Self-Compatible Transistors in GaN-on-Si Technology for High-Voltage Cascodes

This work presents the design and characterization of self-compatible, multistage cascode power transistor “bricks” based on AlGaN/GaN-on-Si technology, enabling modular stacking for high-voltage applications. In contrast to conventional approaches, such as super cascodes or multilevel topologies, the proposed solution is directly driven by stacked transistor segments and eliminates the need for additional components, such as gate control networks or multiple drivers with level shifting. This results in a simpler and more cost-effective configuration. Utilizing the concept of self-compatible building blocks, we demonstrate directly driven, multistage cascode devices, in which all segments share an equal structure.
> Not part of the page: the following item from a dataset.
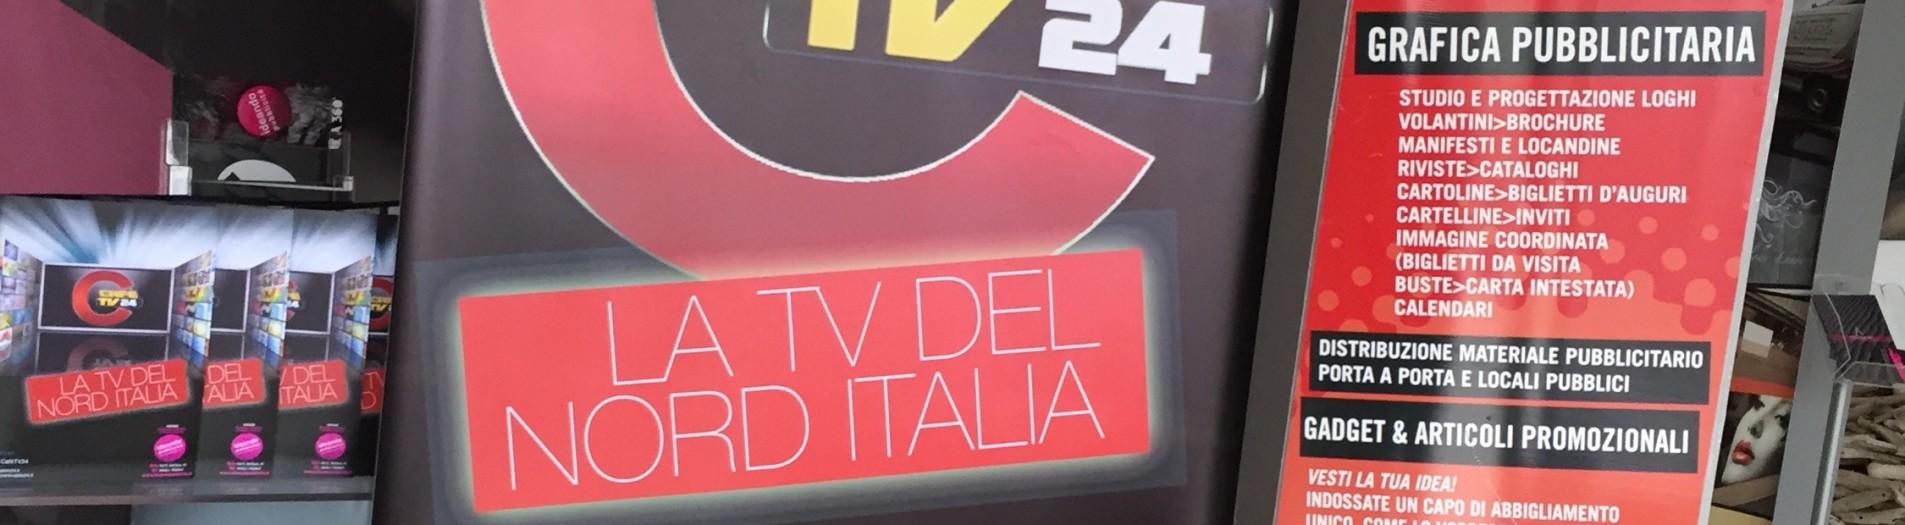 CAFÉ TV 24 partner IDEANDO PUBBLICITÀ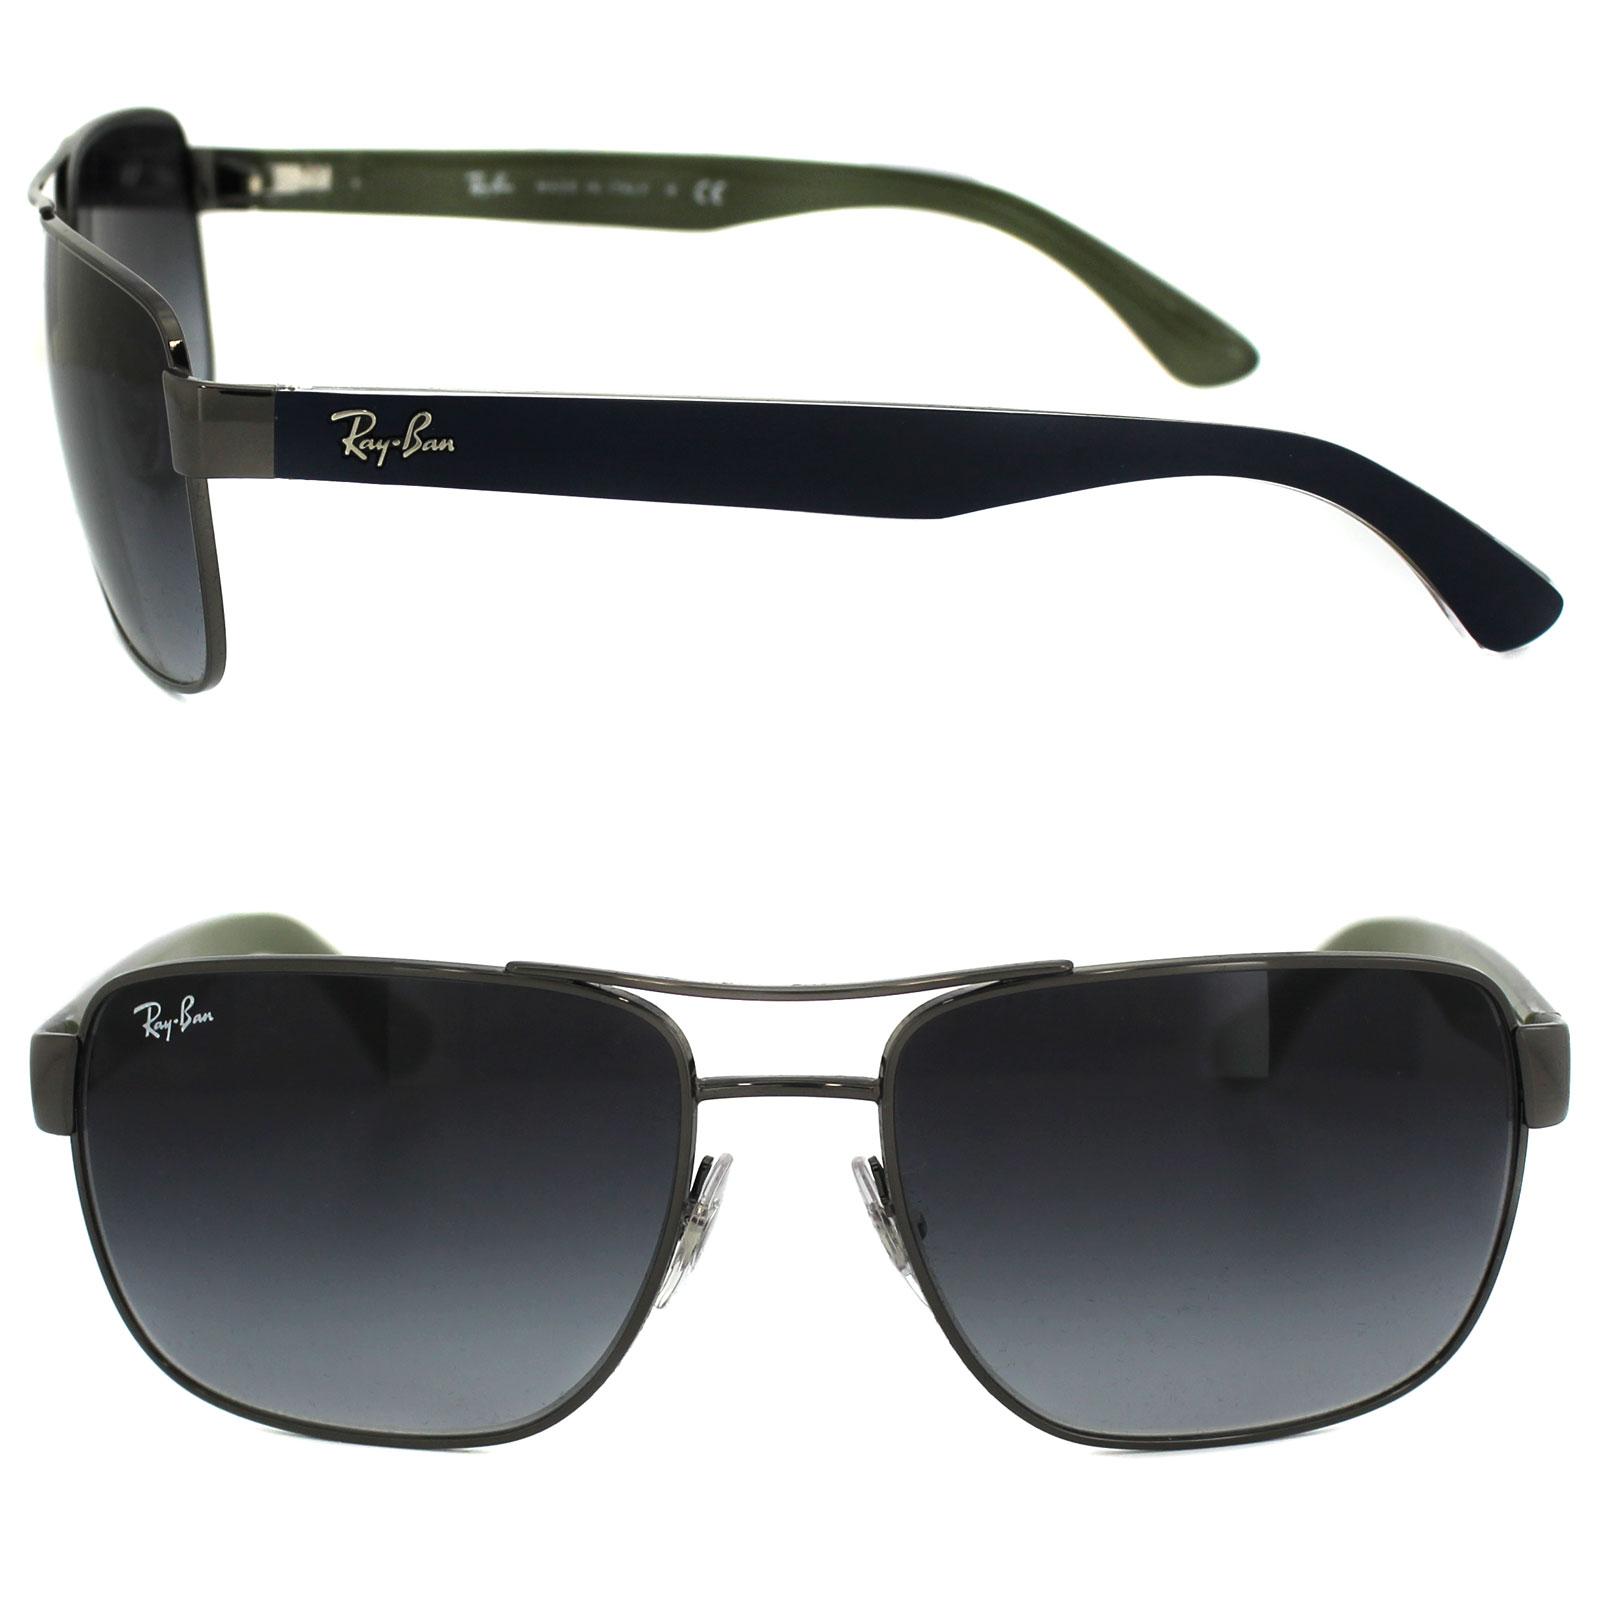 cdfec8a96b8 Sentinel Ray-Ban Sunglasses 3530 004 8G Gunmetal   Blue Grey Gradient

The critical requirement for a highly negative threshold voltage is achieved through gate insulator engineering, while device simulations confirm stable segment potentials and robust voltage sharing. Characterization reveals an on –resistance of 250 m $\Omega $ , a maximum current of 27 A, and off -state blocking voltages up to 600 V per brick. The pull-down pin enables direct interconnection of brick devices, demonstrated by a prototype stack with two bricks, which is measured up to 1000 V. This modular and self-compatible approach simplifies voltage scaling and facilitates the practical, scalable implementation of high-voltage power electronic systems with reduced design complexity.